Jill Escher, the president of the National Council on Severe Autism, said Saturday that Almaliti had a "huge personality" that she used to put everyone around her at ease, even while facing her own challenges of raising a son severely affected by autism.

"She's just sassy, funny, brash, unfiltered," Escher said.

Almaliti served with Escher as vice president on the council, as well as vice president of the Autism Society of the San Francisco Bay Area.

"She just was this very positive force to the world. She had this amazing personality, when she was in the room you felt it. You just felt the sun was shining a little brighter and the day was a little better, because you had been with Feda that day," Escher said, while crying over the loss of her friend and colleague.

"Everyone felt like that about her. She's irreplaceable."

All day Saturday, an outpouring of love and grief was taking place online, as people shared memories of Almaliti, her indomitable spirit and her dedication to Muhammed, her 15-year-old son.

Shortly before 2 a.m. Saturday, a fire erupted at the family's home on Serra Place in the city's Sundale neighborhood. Fremont Fire Department Battalion Chief Will Krings said when crews arrived they found a "well-involved structure fire," and the first firefighters began "an aggressive interior fire attack and search."

The single-alarm fire was controlled within 20 minutes but destroyed the two-story home, Fremont fire Battalion Chief Kyle Adams said. The cause of the fire is under investigation.

Almaliti was a trailblazer, friends said. She sued Kaiser Permanente for failing to provide behavior treatment for her son, becoming one of the first parents of an autistic child to successfully challenge medical providers and insurance companies, they said.

Her push for comprehensive care for children with autism, such as speech therapy and occupational therapy, helped change California law. She was part of a core group of parents and advocates behind SB 946, a bill authored by then-state Sen. Darrell Steinberg which went into law in 2012 and requires insurance companies to cover treatment for autism.

"Feda has this magic that she could move people with her stories," said Karen Fessel, a mother of a child with autism who worked alongside Almaliti on SB 946.

She also gave a voice to the parents struggling during the coronavirus shutdown. In a heart-wrenching interview with NPR in May, Almaliti discussed the toll the coronavirus pandemic had on people with severe autism and their families, which she first detailed in an opinion article for STAT. She described her son as "an energetic, loving boy who doesn't understand what's going on right now."

"Mu," she told NPR, was incredibly confused because his school, the shopping mall and parks -- his favorite places to go -- were all closed because of the virus. Almaliti became emotional when talking about how the isolation was impacting students and young people with autism.

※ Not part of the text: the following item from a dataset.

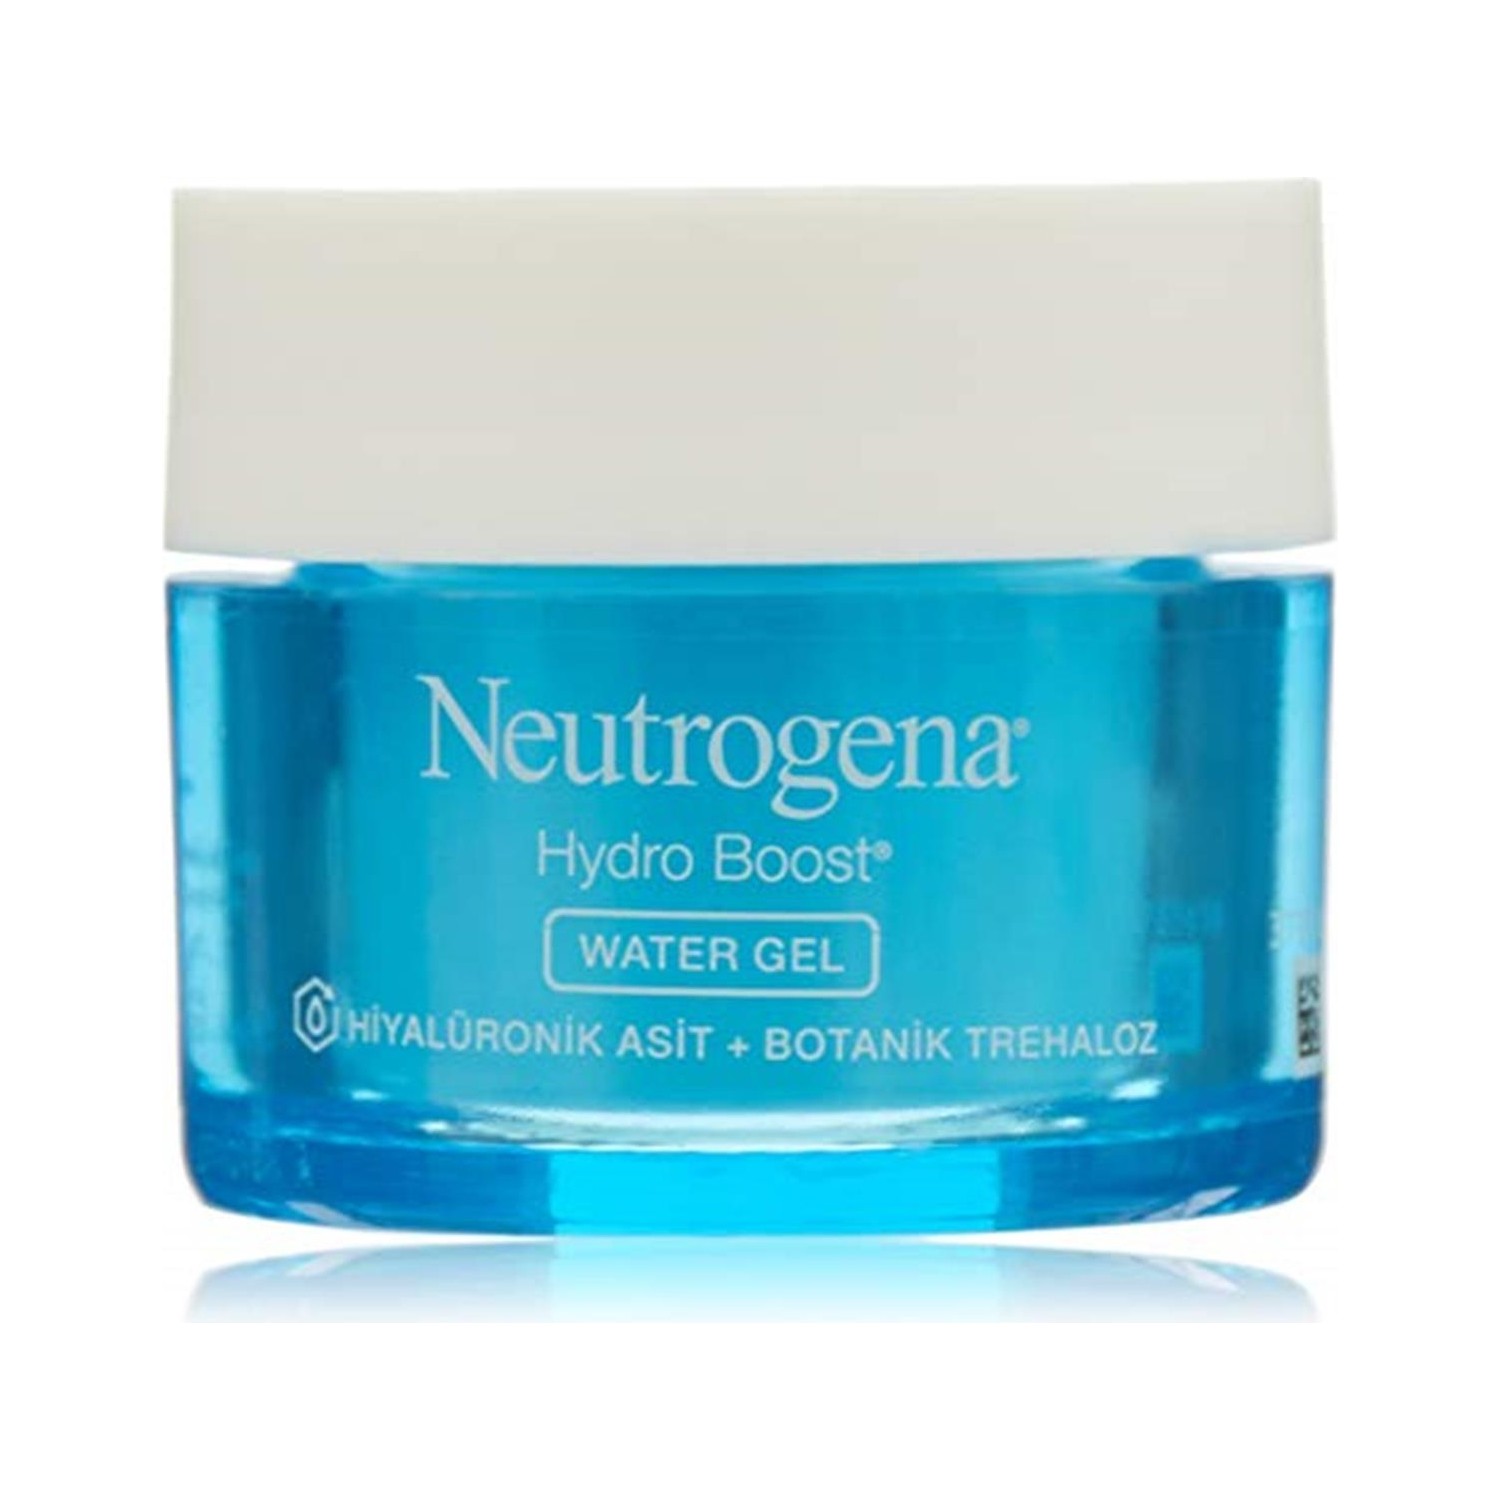 Гель увлажняющий Neutrogena Hydro Boost Water Gel для нормальной кожи, 50 мл цена и фото

"They're doing the best they can every day. ... But I don't know how to accurately convey, it's really hard. ... It's really hard because I almost feel like nobody hears us. Because my son doesn't really talk. He doesn't talk. And I'm supposed to be his voice. And no one's listening to what's going on for our families," she said. "You know, no one gets that we are just as vulnerable as coronavirus people. The coronavirus is going to come and go. Autism is here to stay."

Escher said Almaliti would always throw herself fully into projects and ideas to help others on local, state, and national scale, but would also make time for friends and parents who needed her help.

"That's hard because we already have so much on our plates and we're already overwhelmed and busy. And she always found it within herself to go the extra mile for other people," Escher said.

"There's just not enough good things to say about her and not enough to say about what an immeasurable loss this is for our community."